Metamorphosis of C. intestinalis and phenotypes of the sj mutant. (A) A swimming larva. PL, preoral lobe. (B) A larva during tail resorption. (C) After the completion of tail resorption, the preoral lobe becomes long and transparent and is called the stalk (St in D). (D) During the formation of the stalk, body axis rotation is initiated, and the trunk rotates by 90°. The oral siphon is shown by an arrow. (E) A juvenile that has completed body axis rotation. Adult organs such as gill slits (Gs), endostyle (Es), and heart (H) are formed. The position of the oral siphon (arrow) is completely different from the initial position (an arrow in D). (F) At 1 dpf, the larval tunic (Tu) of a sj mutant larva (sj) was narrower at the tail (arrows), whereas it swelled in the trunk region (arrowhead), compared with a normal larva (normal). The adult tunic (aTu) of a sj larva was normally formed inside the larval tunic. (Bar, 100 μm.) (G) At 2 dpf, a sj mutant started body axis rotation without tail resorption. (Bar, 100 μm.) (Insets) At 6 dpf, the preoral lobe of a sj mutant larva became long and transparent to form the stalk (St). The endostyle (Es) became longer in the sj larva than a normal larva. (H) A metamorphosed sj mutant (Lower) showed normal body organization compared with normal juveniles (Upper). (Bar, 100 μm.)
Fig. 2.
Fig. 2.
Mapping of the insertion site of Minos transposon in the sj mutant genome. (A) The design of a Minos transposon used for the insertional mutagenesis. E and H indicate the restriction sites of EcoRI and HindIII, respectively. (B) Location of the Minos insertion site in the sj mutant genome. Open and filled boxes represent exons of Ci-CesA corresponding to the UTR and ORF, respectively. A gray box indicates the position of an EST (rciad083d01) in the public genome browser of C. intestinalis (http://genome.jgi-psf.org/ciona4/ciona4.home.html). H, the restriction sites of HindIII. One restriction site showed polymorphism in the Japanese population of C. intestinalis and is shown as (H). pCesA(-2080)-GFP and pCesA(-327)-GFP indicate constructs used for the promoter analyses in Fig. 3C. (C) Genomic Southern blot analyses of sj mutants. (Left) Genomic DNA from a sj heterozygous animal (sj/+) digested with EcoRI was detected with the probe shown in A (dotted line). Multiple bands indicate the formation of a tandem repeat array. (Right) Genomic DNA from wild-type animals (+/+) and sj heterozygous animals (sj/+) digested with HindIII were detected by the probe shown in B (dotted line). M indicates the size marker. sj heterozygous animals showed specific bands (arrow) that were expected from the fusion of a part of pMiTFr3dTPO-gfp and genomic DNA. (D) An example of PCR analysis showing the homozygosity of the Minos insertion in sj mutants.
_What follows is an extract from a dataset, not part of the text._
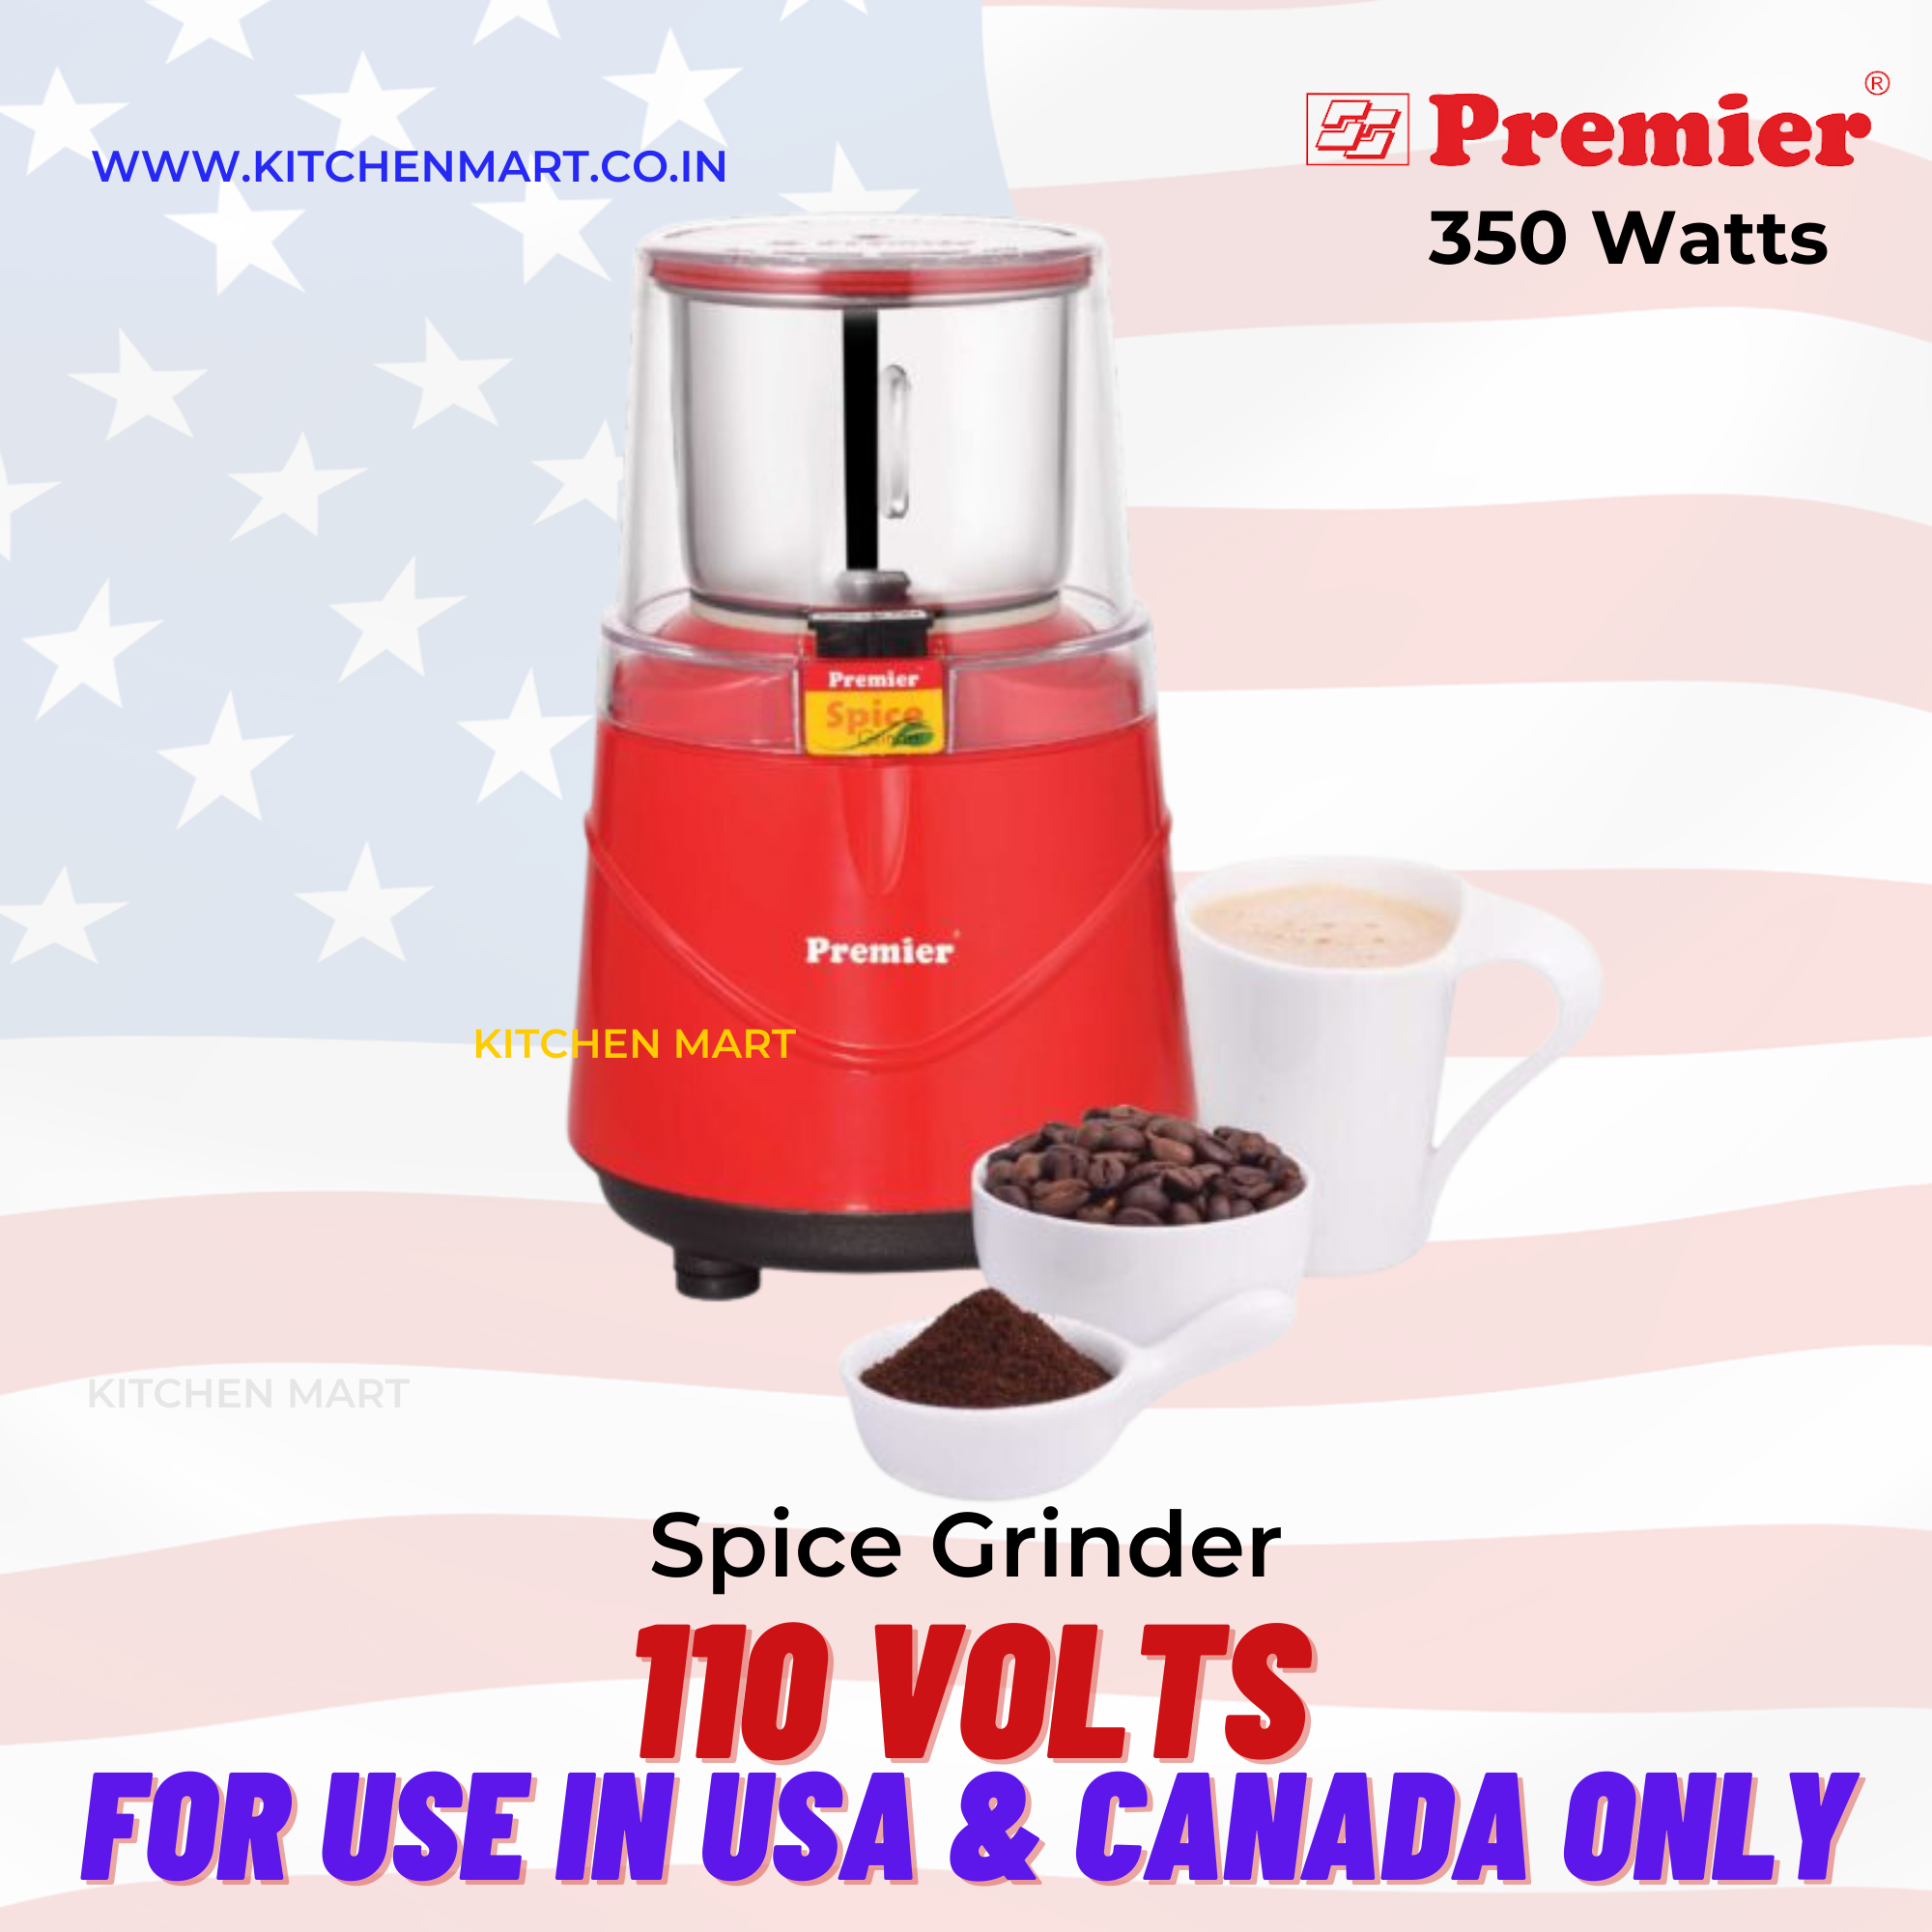 Premier Spice Grinder, Premier Coffee Grinder

DNA from larvae with normal appearance without GFP signal (N), normal appearance with GFP expression (P), and sj mutants (sj) were subjected to PCR by primers shown in B (small arrows). The absence of a band indicates the homozygosity of insertion. (Lower) The results of PCR that detects gfp (positive control). (E) A dramatic reduction of Ci-CesA expression in sj mutants (sj) revealed by RT-PCR. Ci-Epi1, which is expressed in epidermis (36), was used as a positive control. The expression of ciad083d01 was not affected in sj mutants. Negative controls without reverse transcription are shown by RT – lanes.
Fig. 3.
Fig. 3.
Ci-CesA is the gene responsible for the sj mutation. (A) Expression of Ci-CesA was not detected in a sj mutant (sj), whereas the expression is evident at the trunk of a normal larva at the same age (normal). (Bar, 100 μm.) (B) Microinjection of MO specific to Ci-CesA caused the same phenotype as the sj mutant. A larva (Left) that developed from an egg into which Ci-CesA MO was injected showed the abnormal tunic, retraction of papillae, rotation of body axis, and stalk formation. A larva injected with control MO did not show such phenotypes (Right). (C) GFP expression from pCesA(-2080)-GFP and pCesA(-327)-GFP. (D) The reduction in cellulose in the sj mutant larva (sj), compared with the presence of cellulose in a normal larva at the same age (normal), as shown by dark blue signals.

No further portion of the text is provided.